__Exercise description__
Restate word for word the lines of the entries below, starting with the line that holds "Otwarty pojemnik magazynowy" and ending with the line that holds "Payment Methods Header", and no others.

__Supplied records__

+++

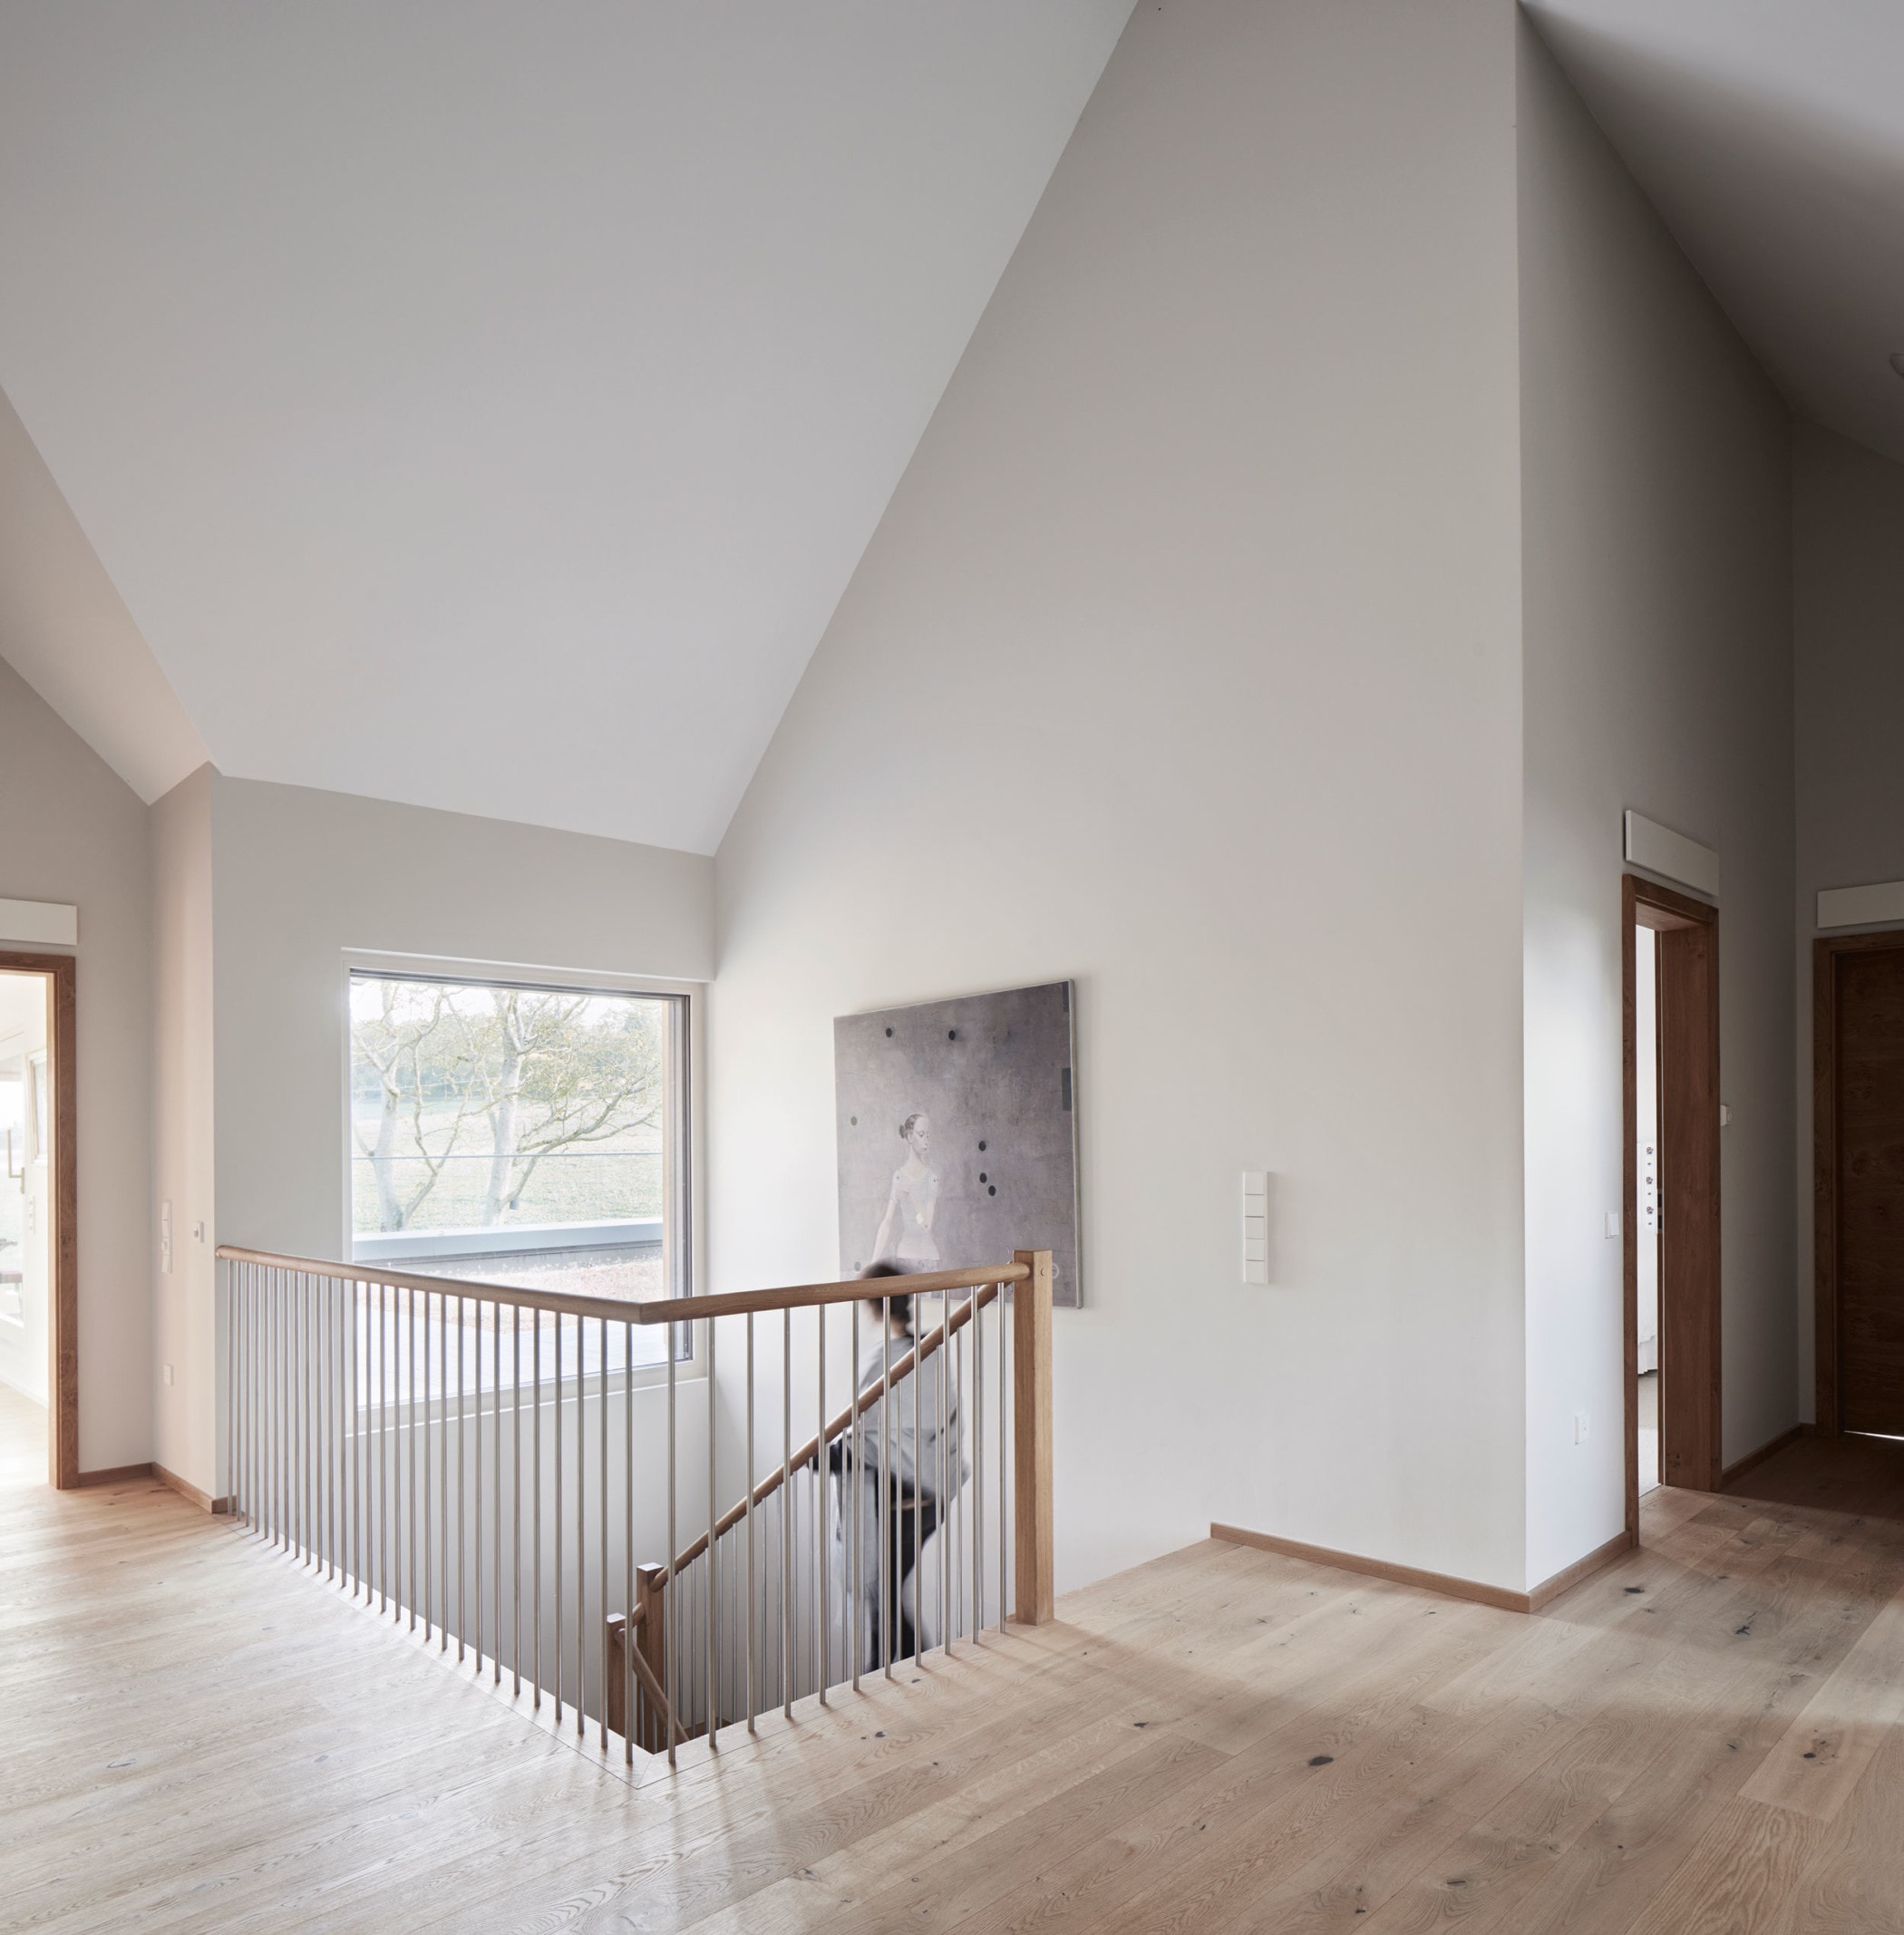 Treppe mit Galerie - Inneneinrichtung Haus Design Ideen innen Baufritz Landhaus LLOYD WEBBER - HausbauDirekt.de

+++

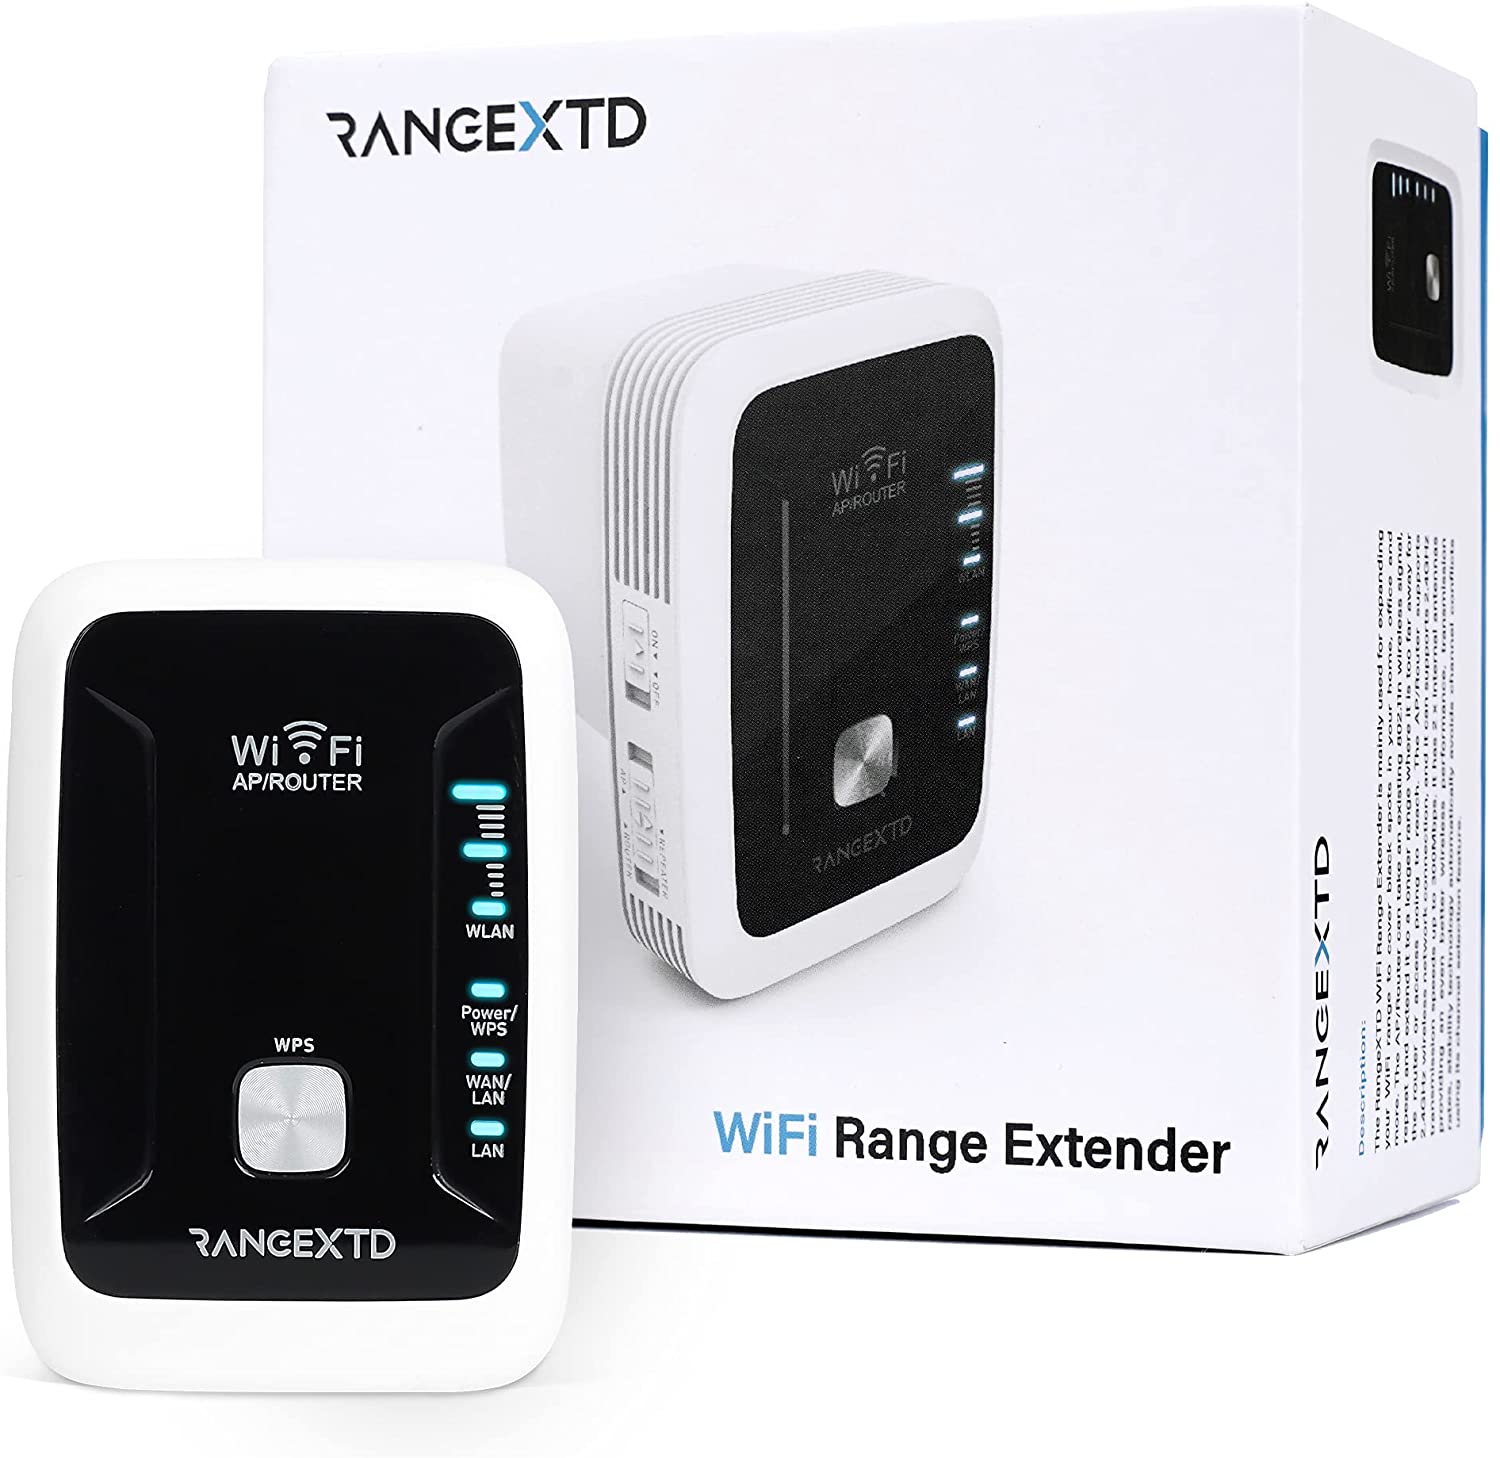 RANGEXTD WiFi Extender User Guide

+++

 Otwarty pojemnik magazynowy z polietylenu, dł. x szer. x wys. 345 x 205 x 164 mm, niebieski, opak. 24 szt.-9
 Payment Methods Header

+++

__The completed task__
 Otwarty pojemnik magazynowy z polietylenu, dł. x szer. x wys. 345 x 205 x 164 mm, niebieski, opak. 24 szt.-9
 Payment Methods Header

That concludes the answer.